### PROMPT
Write out the listing below in full and exactly, leaving out every picture.

### RAW DATA
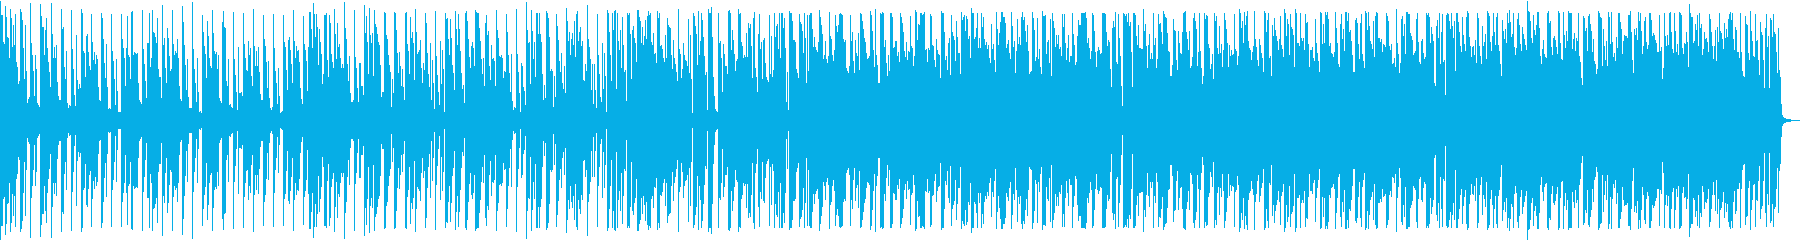 爽やかポップ_No636_3の再生済みの波形
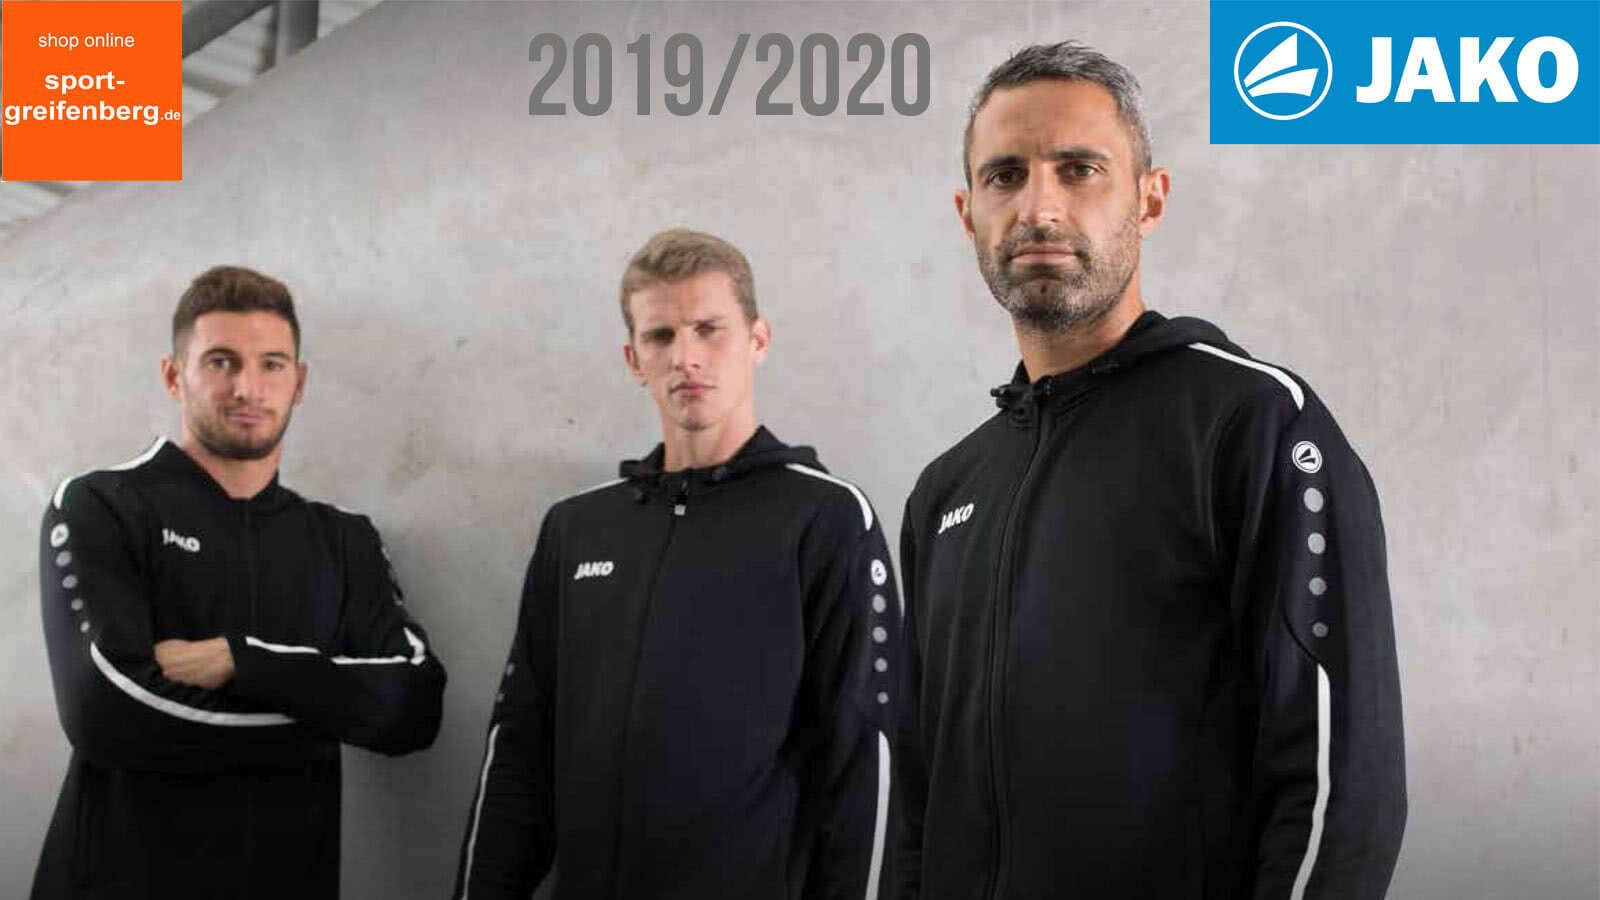 Die Jako Sportbekleidung für 2019 2020 mit der Jako Striker 2.0 Sportbekleidung
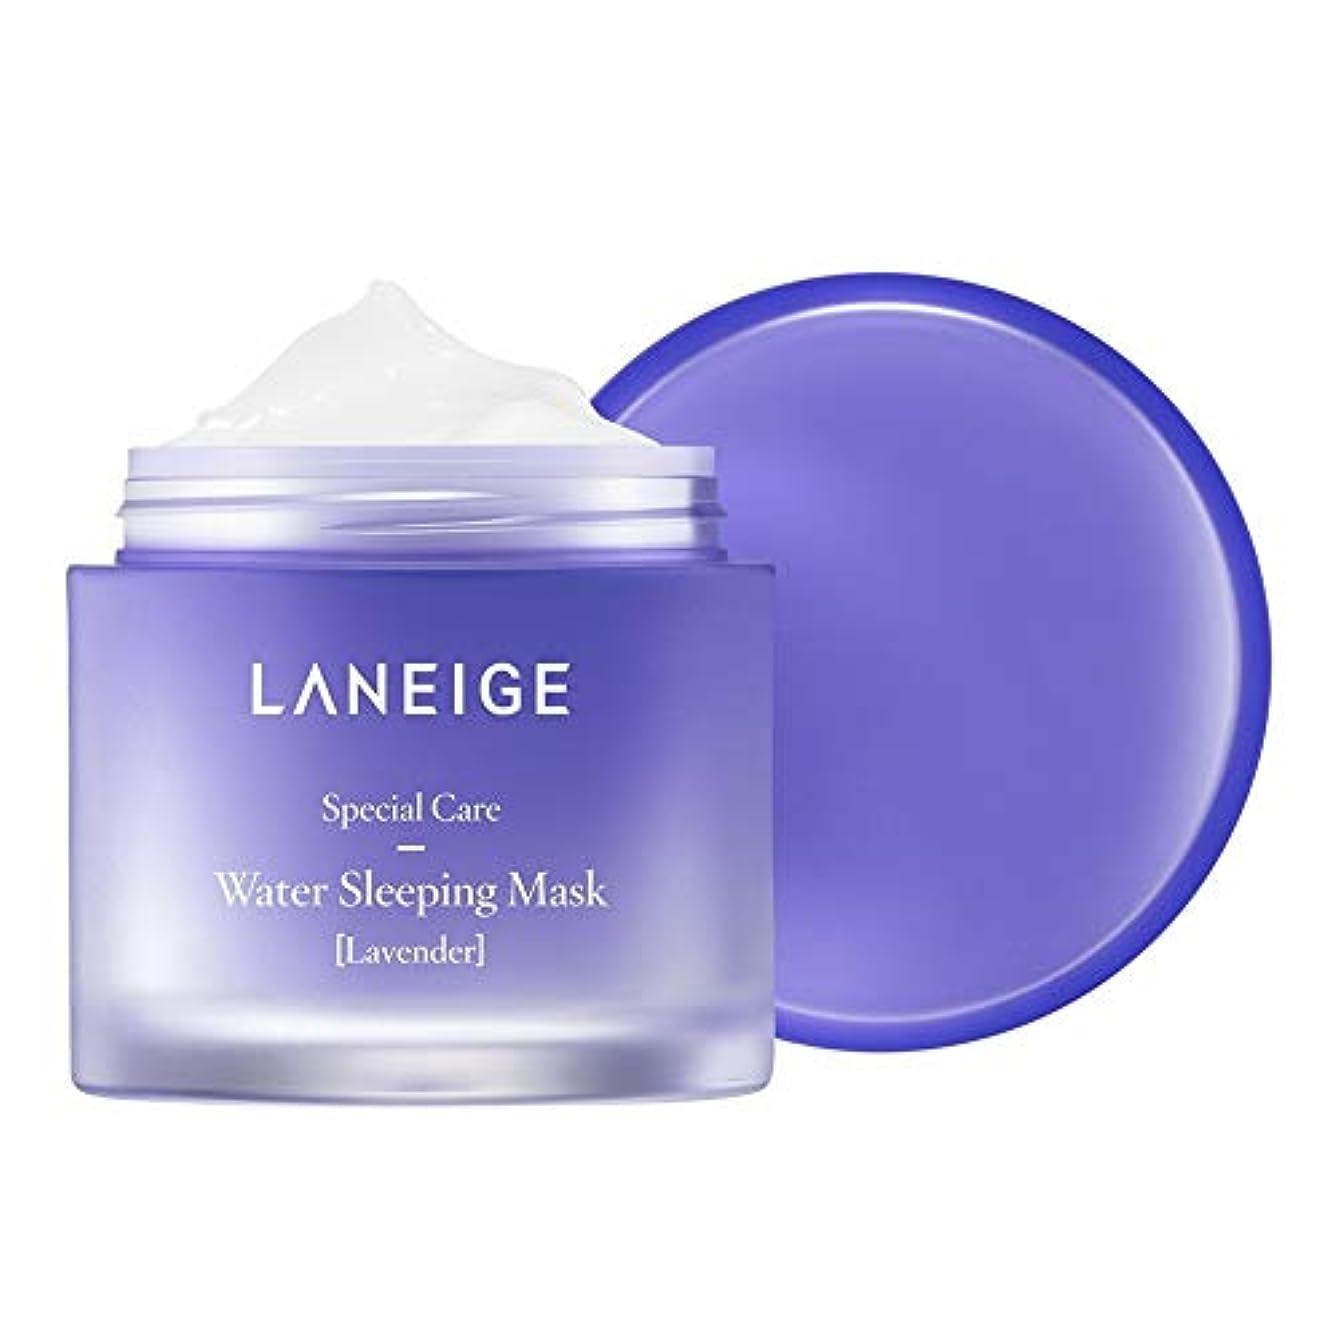 決定するプロペラ約束するLANEIGE ラネージュ ウォータースリーピング マスク ラベンダー2017 New リフィルミーバージョン 70ml Water Sleeping Mask 2017 Lavender [海外直送品]
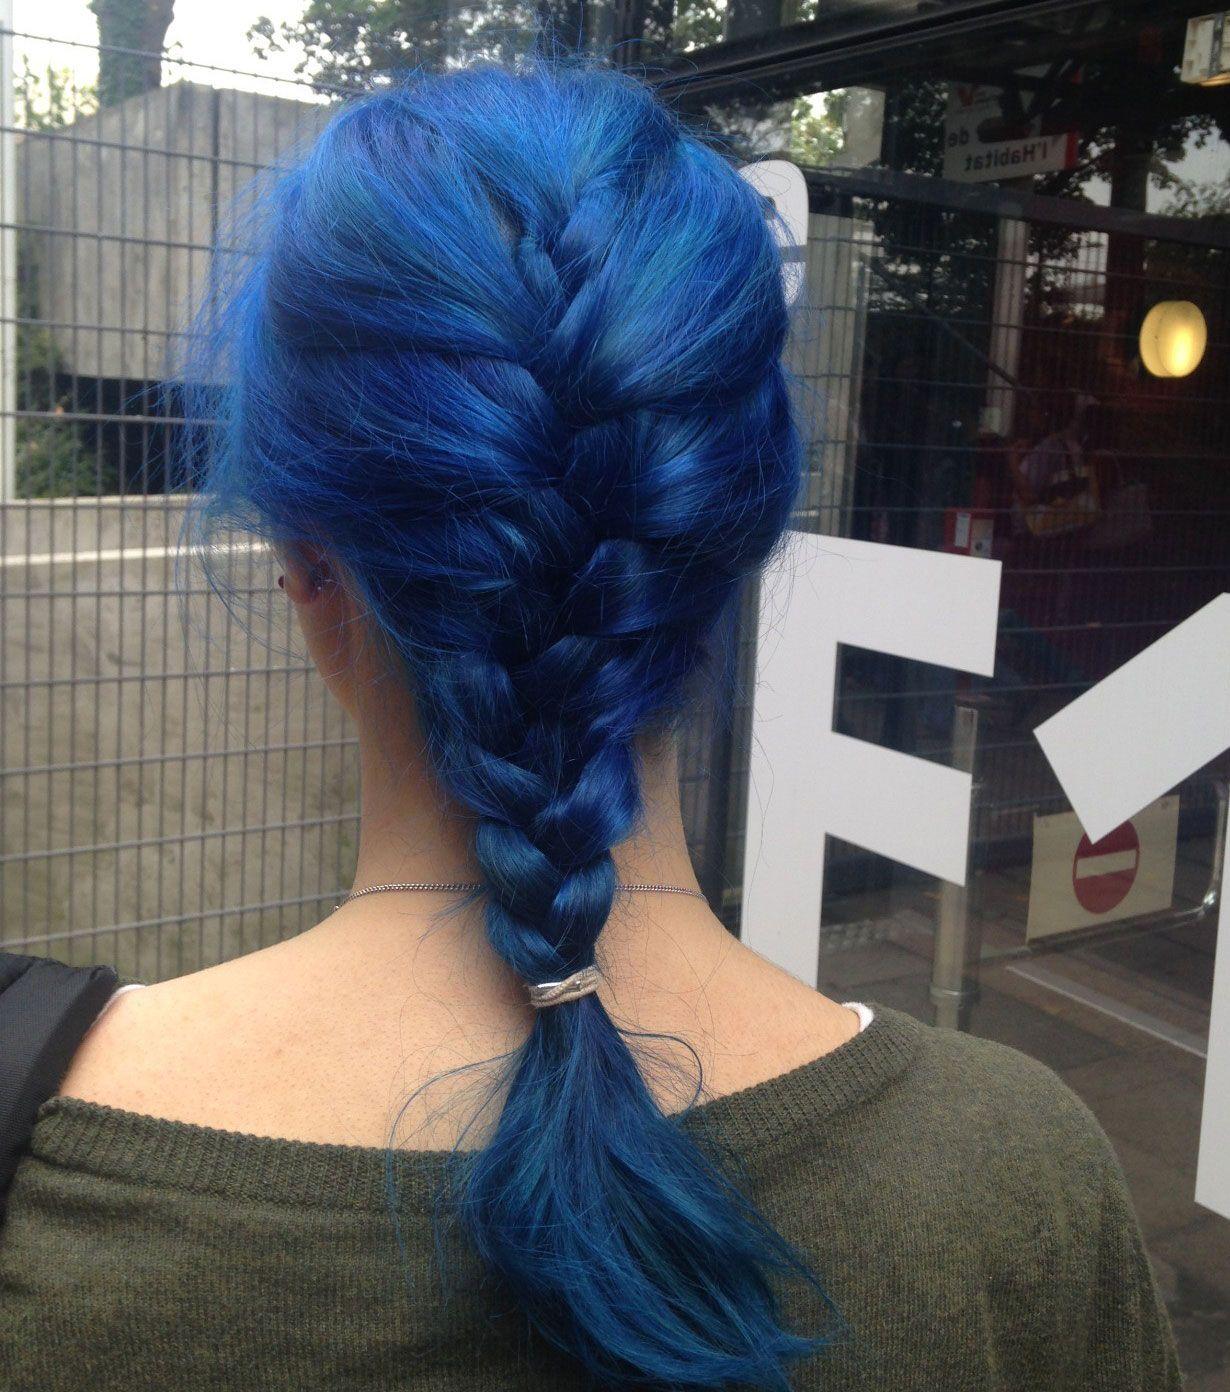 Blue Hair Dyes By Brand Hair Colors Ideas Dyed Hair Blue Blue Hair Hair

### WRITTEN REPLY
 爽やかポップ_No636_3の再生済みの波形
 Die Jako Sportbekleidung für 2019 2020 mit der Jako Striker 2.0 Sportbekleidung
 決定するプロペラ約束するLANEIGE ラネージュ ウォータースリーピング マスク ラベンダー2017 New リフィルミーバージョン 70ml Water Sleeping Mask 2017 Lavender [海外直送品]
 Blue Hair Dyes By Brand Hair Colors Ideas Dyed Hair Blue Blue Hair Hair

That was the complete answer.